Figure 1. Smart Lids. (A, B) DOME Smart Lids fit above mouse home cages in existing racks. They record and stream video and audio data, which is then analyzed for keypoint detection and subsequent estimation of activity, behavior and health parameters by a computer vision pipeline (MOT). Smart Lids illuminate the cage with near infrared light and record video at the near infrared spectrum, resulting in monochromatic and consistent video feed across the day/night cycle. (C) DOME Smart Lids are cloud-connected and enable 24/7 real-time home-cage monitoring, multi-animal tracking, subsecond-resolution estimation of behavior and health, email alerts on cage conditions and health, and are compatible with a variety of existing home-cage racks. The data presented in this paper is gathered from the Allentown Jag75-compatible system. (D) The system is setup by placing DOME Smart Lids inside racks (inset) and connecting them to local WiFi/Ethernet. Smart Lids stay within the rack and do not move with the cage. If multi-animal tracking is required, mice are then tagged with ear tags purpose-designed for computer vision tracking. The existing food hopper is replaced by a custom food hopper that is transparent from the top, and video stream and data are accessible through the user interface at oldenlabs.com.
Figure 2. User interface. The interface is divided into three main parts. (A) Video overview, showing live feeds from all cages. (B) Studies view for studies setup, data analysis and export between groups. (C) Cage view, showing individual animal metrics, cage condition alerts and metrics overlays.

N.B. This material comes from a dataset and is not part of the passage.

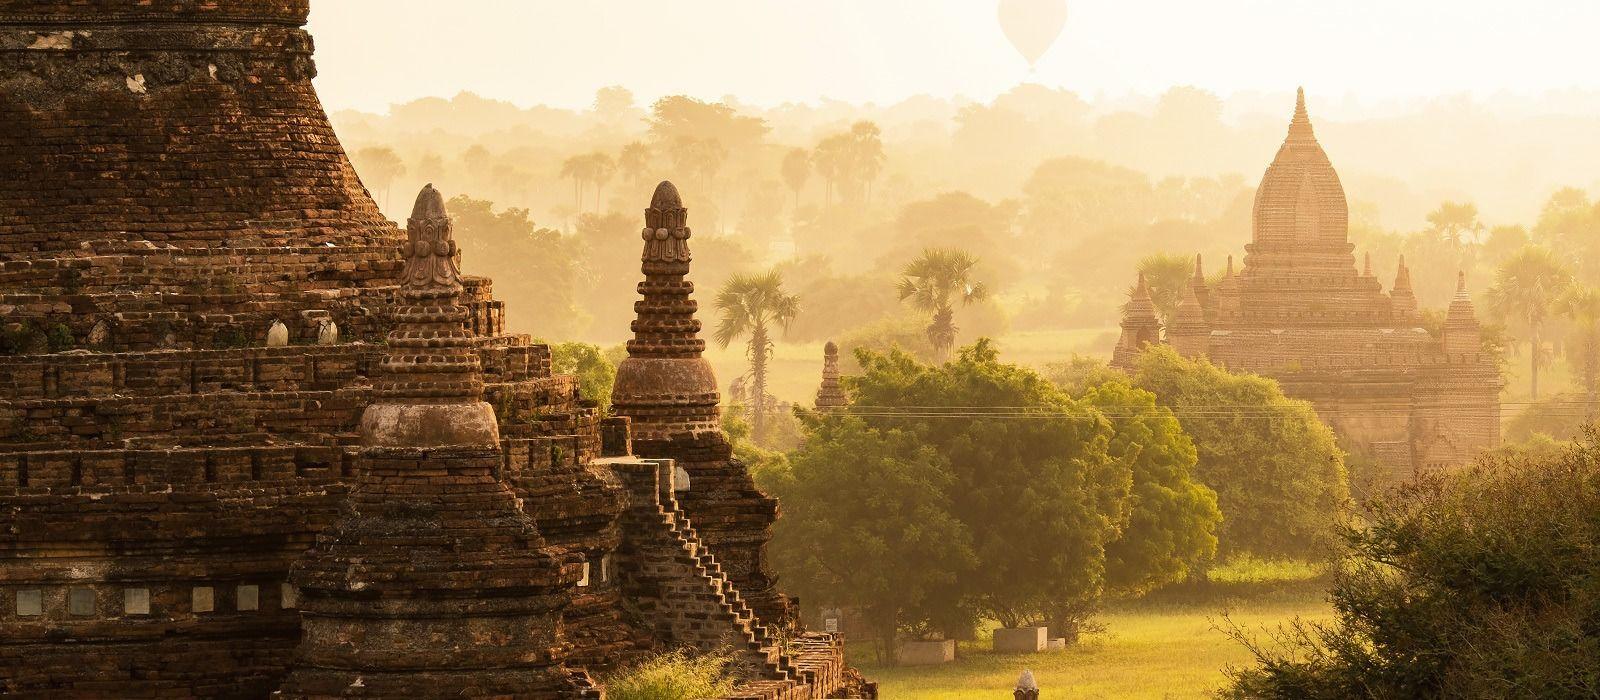 Myanmar for Beginners Tour Trip 2

Smart Lids enable accurate estimation of 21 health metrics
To analyze the resulting data, we developed a computer vision pipeline integrating neural networks and classical computer vision, specially designed to function with multiple animals in the context of the home cage, at low runtime cost (Figure 3A). First, the pipeline (MOT—Multi-Organism Tracker) analyzes the image to determine whether a cage is present. If so, the detection pipeline employs neural networks (Redmon et al., 2016; Bochkovskiy et al., 2020) to identify key components within the cage environment, including mouse bodies, heads, tags, food hopper, and other enrichment elements. The system is robust to variations in cage layout, lighting conditions, and mouse appearance, supporting both white and black mice of different sizes. Specialized models of varying complexity are used for distinct tasks, ranging from multi-object detection to classification. All models were trained on annotated video frames collected from home cages across diverse experimental conditions. To improve precision and efficiency, spatial heuristics are applied to handle edge cases such as reflections and partial occlusions. As an output, bounding boxes for head and body are drawn and linked. Each bounding box receives an ID, either from the detection of an ear tag (if present) or a randomly assigned ID if an ear tag is absent. The number and ID of identified animals are then compared to the user declared number and ID of animals, which is treated as ground truth. If no animals or wrong IDs are identified, an alert is sent to the user to correct the mistake. Treating user defined values as ground truth enables robust tracking of animals even during times of heavy occlusion or loss from vision (due to burrowing or enrichment). Finally, the resulting bounding boxes are propagated through a modified optical flow approach (Lucas and Kanade, 1981) or further calls of YOLO-esque segmentation networks (Redmon et al., 2016; Bochkovskiy et al., 2020). Bounding box coordinates, head centroids, body centroids, and head direction are recorded from each frame. Finally, behavior and health metrics are calculated from the combination of location, direction, velocity, segmentation mask or raw frame input analysis. The result is a file containing the location and behavior state of each animal in the cage for each frame.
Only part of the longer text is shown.